The UK boasts some of the world’s most stunning beaches and to save you scouring every coastline, we’ve rounded up the very best for the summer ahead. Sit back, relax and take a peek at what we consider to be some of the most stunning beaches England has on offer. We’ve also added lists of campsites local to the beaches where you can pitch up and fall asleep to the surf!
Charmouth Beach, Devon
Charmouth beach is an ideal family beach with a mix of sand and pebbles, clean sea and safe swimming. Fossils abound thanks to the winter month’s rough seas and there are even regular guided fossil walks from February to September – tides permitting! The beach is divided into two by the mouth of the River Char which is quite often dammed by the beach forming a fabulous lagoon, perfect for boating or watching the wild birds. No dogs allowed between 1st May and 30th September.
Hive Beach, Dorset
Stretching for over a mile and surrounded by towering cliffs as well as farmland, the beach is very easily accessible. It is a shelving, shingle beach with breath taking views right round to the east Devon coast. No lifeguard onsite at this beach, although it does offer wonderful water quality. Great beach for fishing and more of those Dorset fossils.
Durdle Door, Dorset
Famous for the Durdle Door Arch, this magnificent limestone arch was formed when the power of the waves eroded the rock, forging a hole through the middle. The arch protects the eastern area of the beach and the whole beach is recommended by the Marine Conservation Society for excellent water quality.
The beach also allows dogs, making it ideal for pet owners.

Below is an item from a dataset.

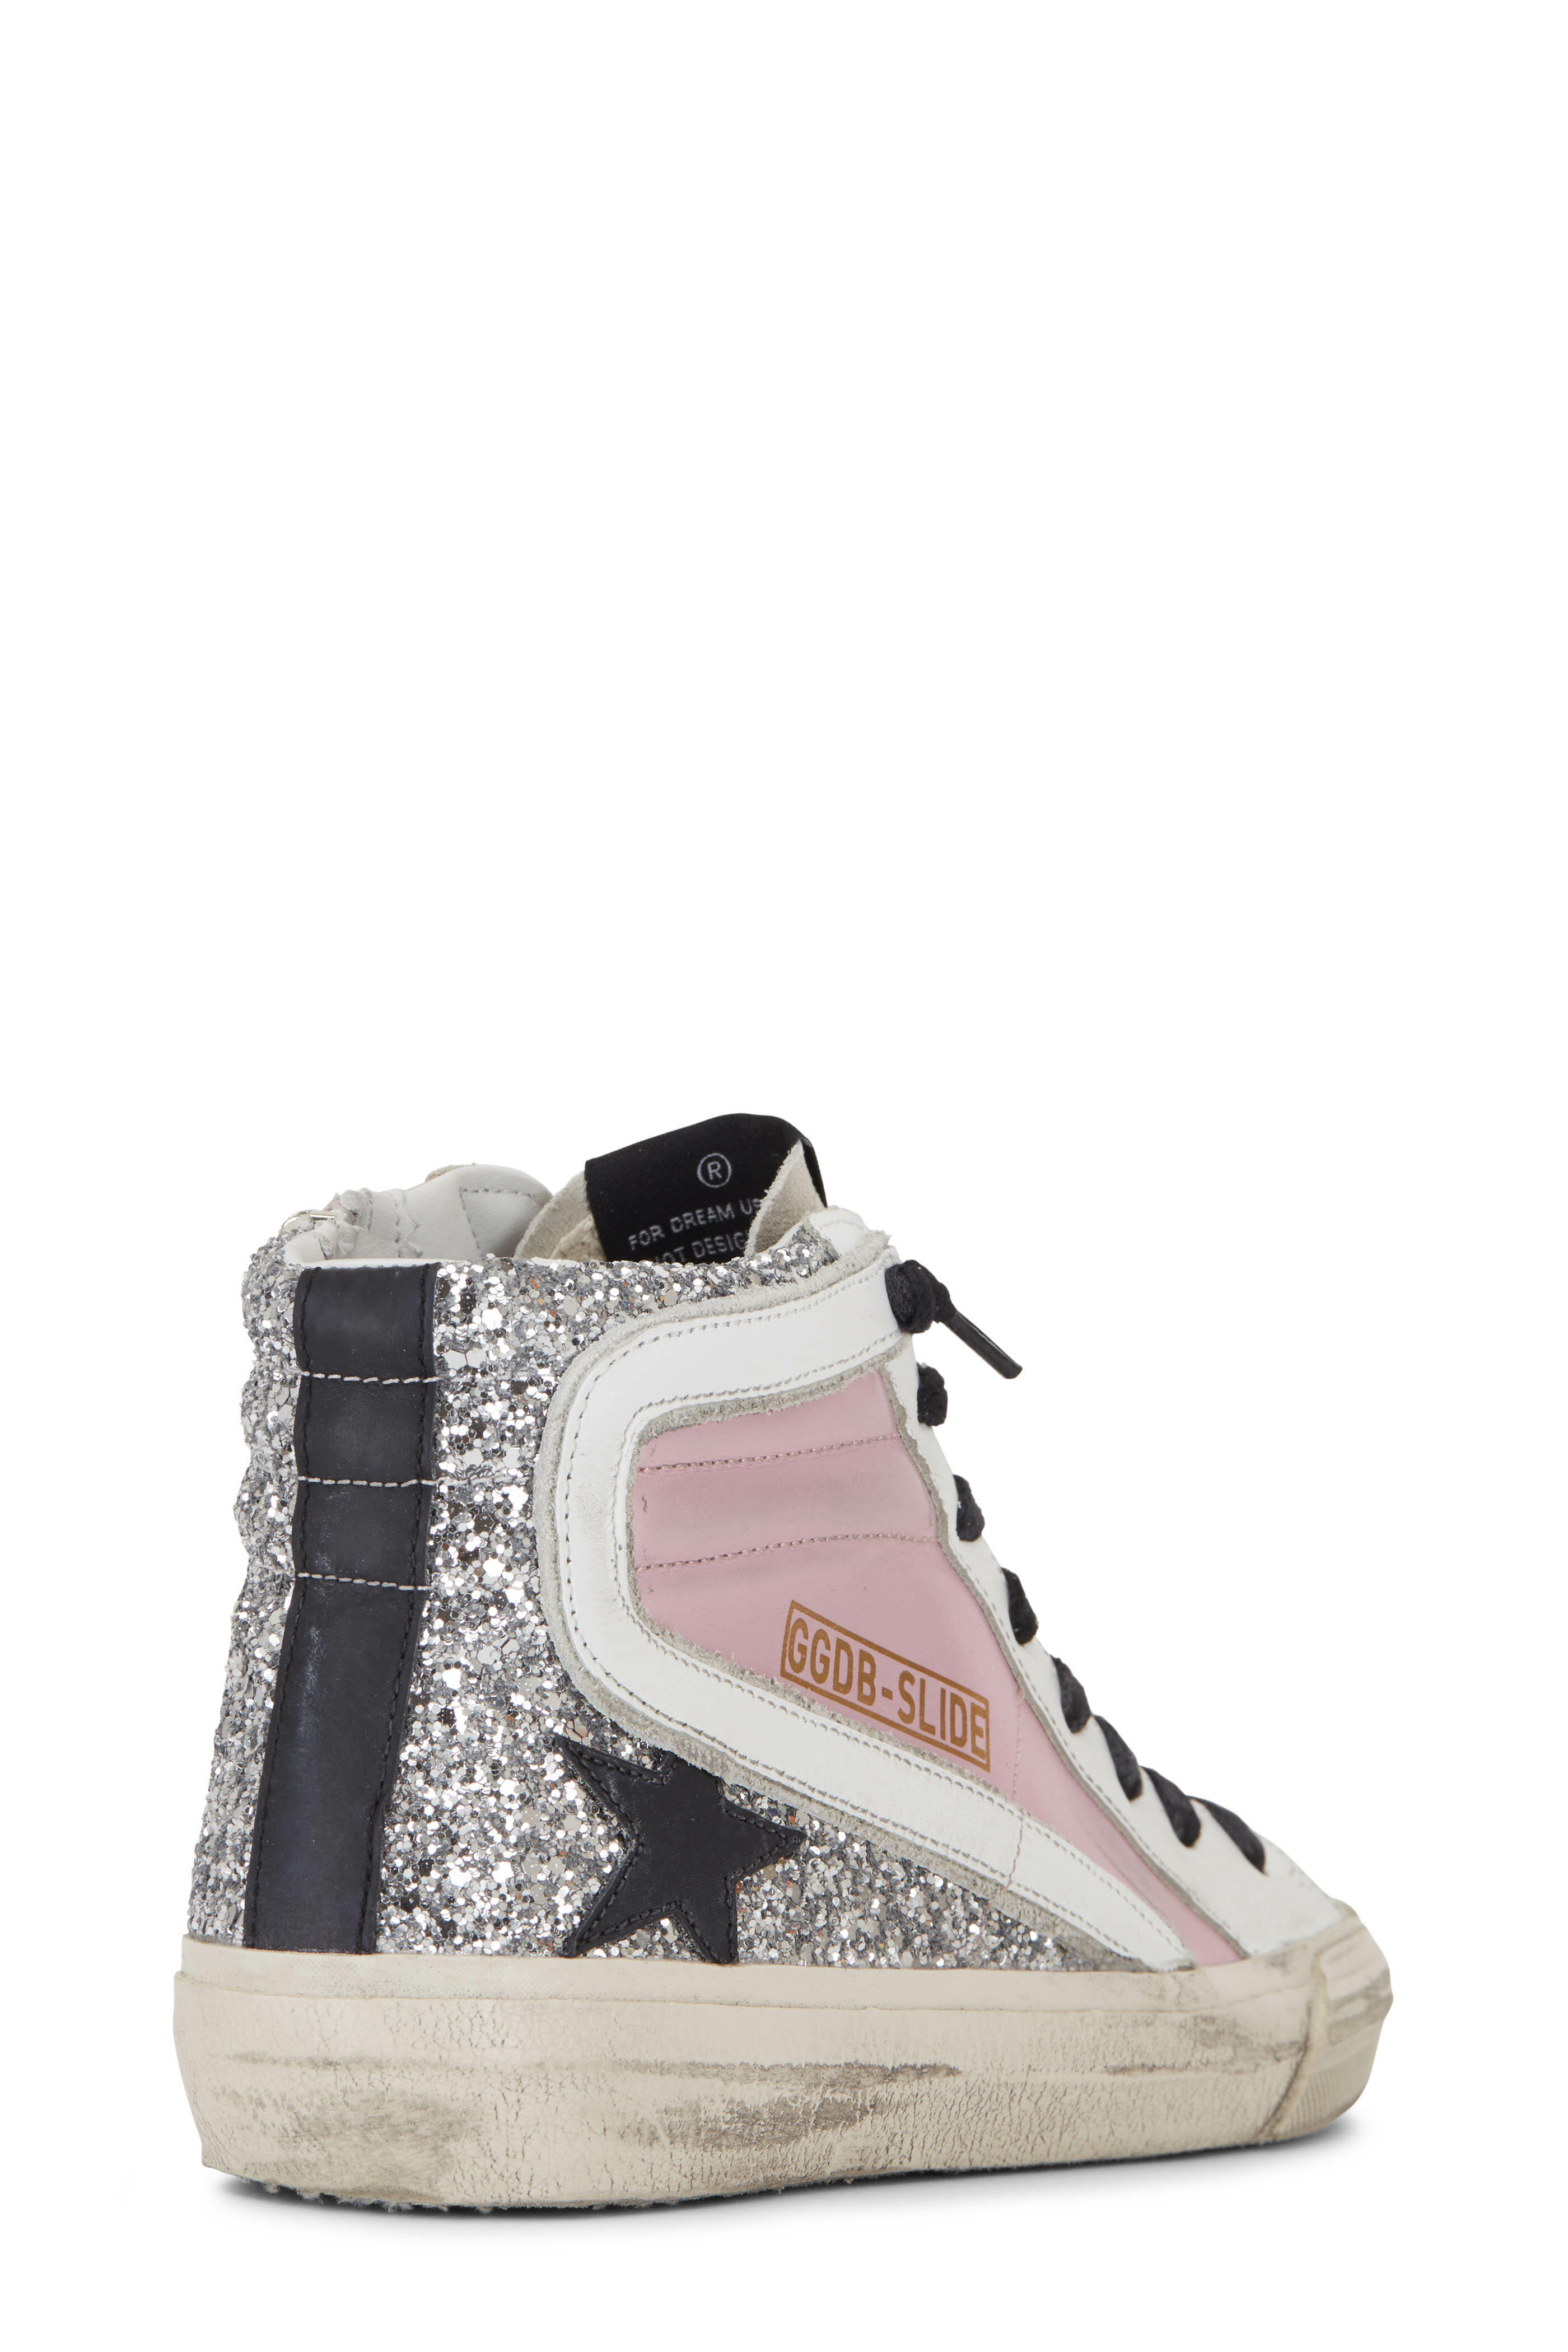 Golden Goose - Slide Silver Glitter & Pink Leather Sneaker

Several music videos and have been made at Durdle Door plus it has featured in a number of films including Wilde and Nanny McPhee. Travel back in time to 1984 and have a go at spotting it in Billy Ocean’s Loverboy video:
Crackington Haven Beach
Crackington is a pretty sand and shingle cove located on the North Cornish coast just a few miles south of Bude and surrounded by the towering steep cliffs of Pencannow. The beach itself is a quiet spot, sheltered thanks to the cliffs and is in our opinion a real gem! There’s a lovely stretch of golden sand at low tide and an abundance of rock pools jam-packed with all sorts of amazing creatures so don’t forget your net! The beach is monitored during the summer months, with no dogs allowed from Easter to October.
Widemouth Bay, Cornwall
Widemouth Bay is a wide expanse of open sand that stretches for almost 2 miles with a genuinely wild feel to it. Technically, it's divided into two beaches - North Beach and South Beach (also called Black Rock) by a natural barrier of rock. It’s a surfer’s paradise and there’s no shortage of marine life in the rock pools at low tide. If you're bringing your four-legged friend, head for the southern end - dogs are welcome all year round on Black Rock beach. The beach itself is owned by The National Trust, with a car park conveniently found within 10 minutes’ walk.
Sandymouth Beach, Cornwall
Sandymouth is approx. 3 miles north of Bude and nestled between two headlands, Steeple Point and Menachurch Point. Sandymouth Beach is a lovely sand and shingle bay tucked away behind rugged cliffs. A beautiful bay on a very picturesque coast and generally blissfully quiet! There are even waterfalls tumbling from the lofty clifftops above. When the tide is out, it's possible to walk right along the sands to nearby Crooklets Beach and Summerleaze Beach and return via the South West Coast Path – an impressive circular ramble.
Beadnell Bay, Northumberland
This is a very distinctive beach because of its unique horseshoe shape and boasts a stunningly soft, sandy cove. It is also a part of the Heritage Coastline, which gives it even more of a unique appeal for visitors. The beach is backed by huge sand dunes and stretches south for miles.
Minehead Beach, Somerset
Located in the county of Somerset, Minehead Beach is an easily accessible sandy beach that offers a range of facilities. Situated on the banks of the Bristol Channel, it has some of the highest tidal ranges in the world, often as great as 48 foot (second only to the Bay of Fundy in Canada)! A long, sandy beach stretching for a mile along the promenade and offering spectacular views out across the Channel to Wales.
The train station that is situated right next to the beach makes it easy for people to visit even if they are not driving, although there is also a pay and display car park for those who do want to drive.
Normans Bay Beach, Sussex
Normans Bay Beach is a mixture of shingle and pebbles that slope gently down to the water. Great opportunities for fantastic kite flying due to the strong sea breezes. On a clear day the beach offers lovely views of Beachy Head white chalk cliffs.
With no restrictions on our four-legged friends, pet owners can let them off the leash and allow them run free to enjoy the open space. As the name of the area reveals, the Normans landed here in 1066 and you can find a World War II coastal defence battery nearby to explore too. Car parks can also be found only a 5-minute walk from the beach front.